Re: kernel BUG at fs/btrfs/volumes.c:LINE!

From: David Sterba
Date: Thu Jun 07 2018 - 11:37:46 EST


On Thu, Jun 07, 2018 at 12:15:04AM +0800, Anand Jain wrote:
>
>
> On 06/06/2018 09:31 PM, syzbot wrote:
> > Hello,
> >
> > syzbot found the following crash on:
> >
> > HEAD commit:    af6c5d5e01ad Merge branch 'for-4.18' of
> > git://git.kernel.o..
> > git tree:       upstream
> > console output: https://syzkaller.appspot.com/x/log.txt?x=15f700af800000
> > kernel config:  https://syzkaller.appspot.com/x/.config?x=12ff770540994680
> > dashboard link:
> > https://syzkaller.appspot.com/bug?extid=5b658d997a83984507a6
> > compiler:       gcc (GCC) 8.0.1 20180413 (experimental)
> >
> > Unfortunately, I don't have any reproducer for this crash yet.
> >
> > IMPORTANT: if you fix the bug, please add the following tag to the commit:
> > Reported-by: syzbot+5b658d997a83984507a6@xxxxxxxxxxxxxxxxxxxxxxxxx
> >
> > RDX: 0000000020000080 RSI: 0000000020000040 RDI: 00007f787067fbf0
> > RBP: 0000000000000001 R08: 00000000200000c0 R09: 0000000020000080
> > R10: 0000000000000000 R11: 0000000000000202 R12: 0000000000000014
> > R13: 0000000000000001 R14: 0000000000700008 R15: 0000000000000043
> > ------------[ cut here ]------------
> > kernel BUG at fs/btrfs/volumes.c:1032!
> > invalid opcode: 0000 [#1] SMP KASAN
> > CPU: 1 PID: 22303 Comm: syz-executor1 Not tainted 4.17.0+ #86
> > Hardware name: Google Google Compute Engine/Google Compute Engine, BIOS
> > Google 01/01/2011
> > RIP: 0010:btrfs_prepare_close_one_device fs/btrfs/volumes.c:1032 [inline]
>
> btrfs_prepare_close_one_device()
> ::
> 1031 name = rcu_string_strdup(device->name->str, GFP_NOFS);
> 1032 BUG_ON(!name); /* -ENOMEM */
>
> The way we close our devices needs new memory allocations
> at the time of device close. By doing this apart from the BUG_ON
> reported here, there _were_ other complications like managing the sysfs
> links and moving them to the newly allocated btrfs_fs_devices.
> So sometime back I attempted to correct this approach to a simple
> device close without fresh allocation, however it wasn't successful.
> I am going to try that again, but its not p1.

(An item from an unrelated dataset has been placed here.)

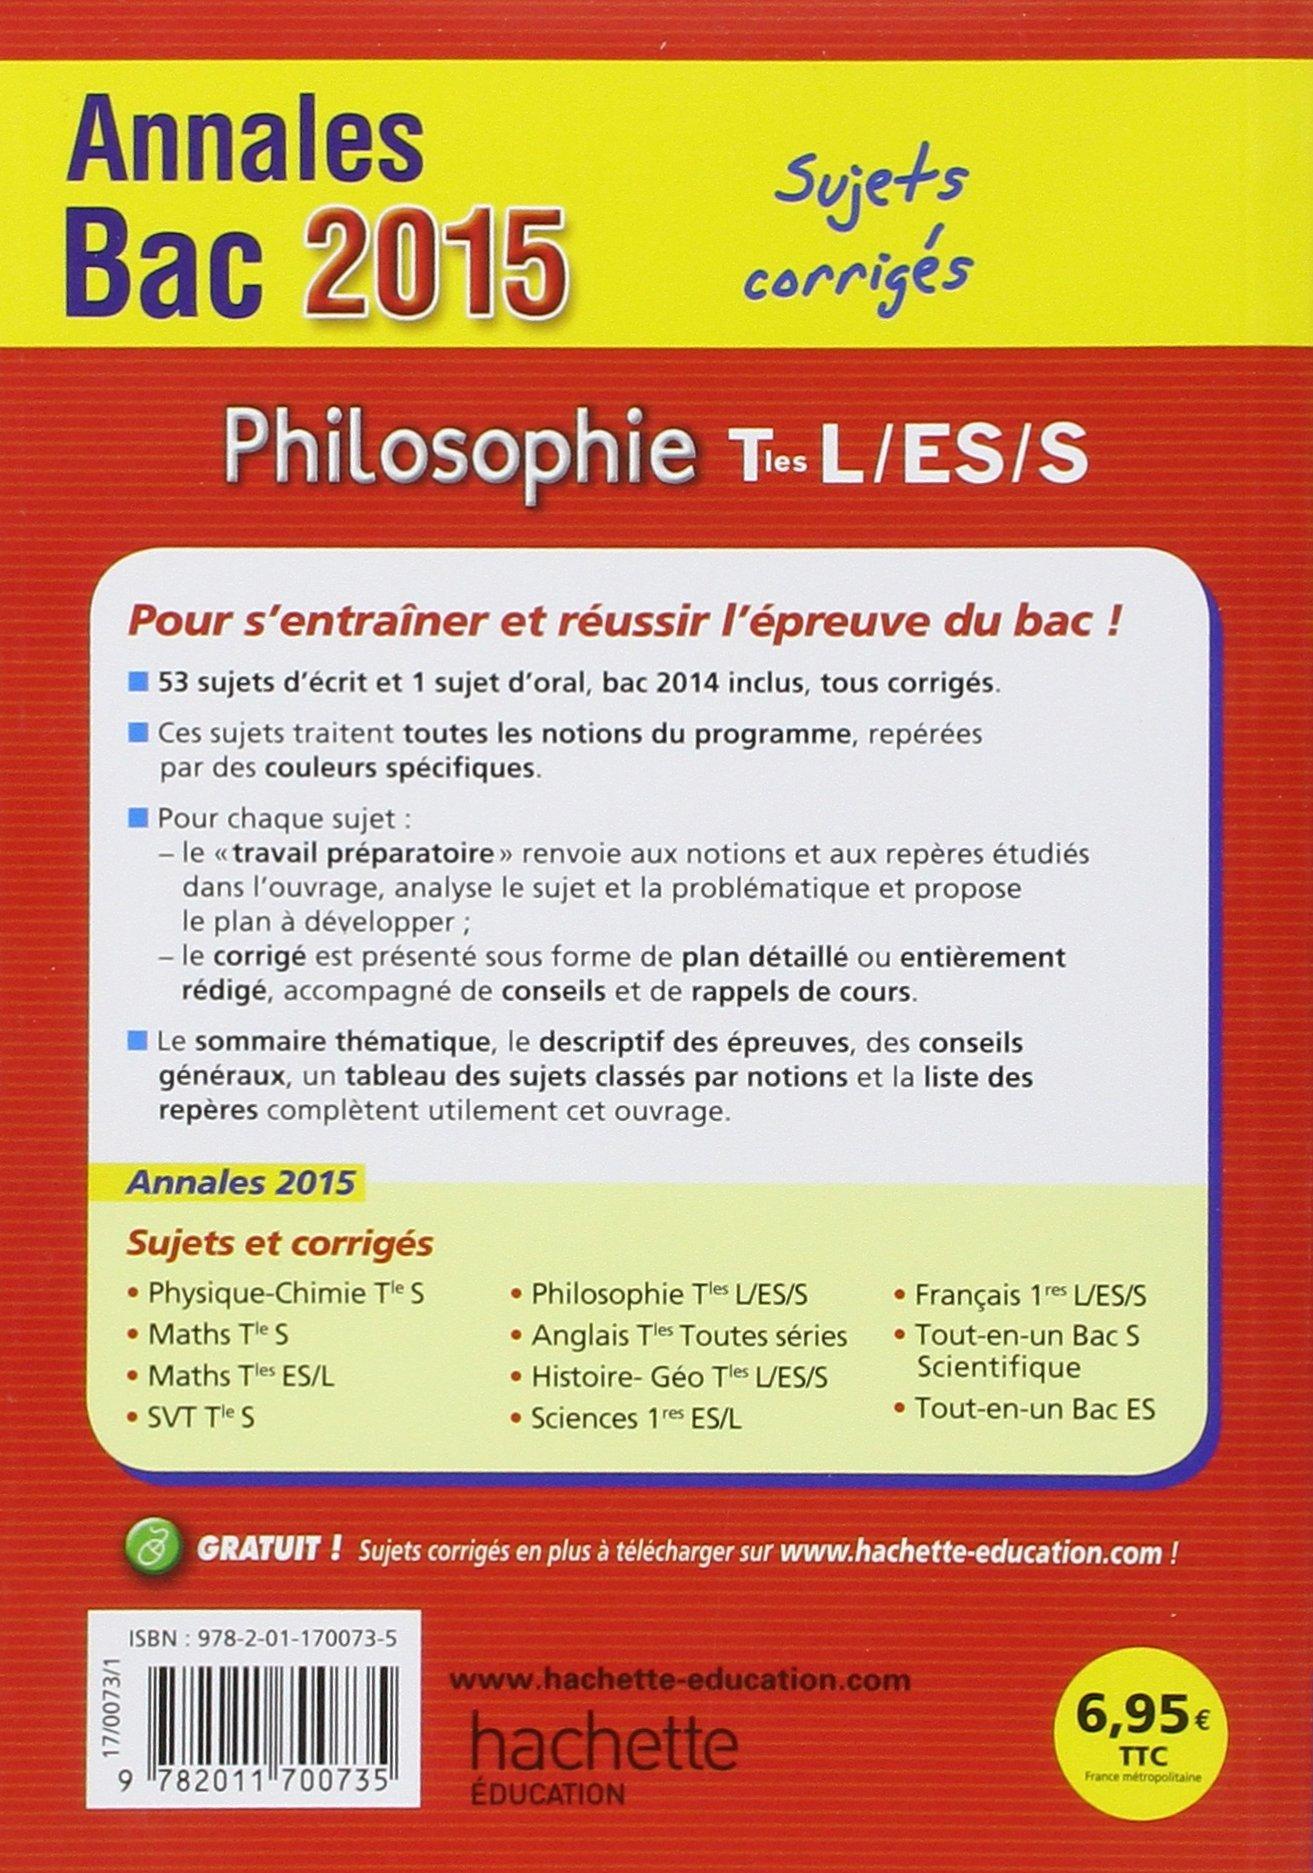 Annales Bac 2015 sujets et corrigés - Philosophie Terminales L, ES, S Annales du Bac: Amazon.es: Yohann Durand, Lisa Klein: Libros en idiomas extranjeros

Yeah, getting rid of the allocations while freeing device would be great
but unfortunatelly is not simple.

Normally the GFP_NOFS allocations do not fail so I think the fuzzer
environment is tuned to allow that, which is fine for coverage but does
not happen in practice. This will be fixed eventually.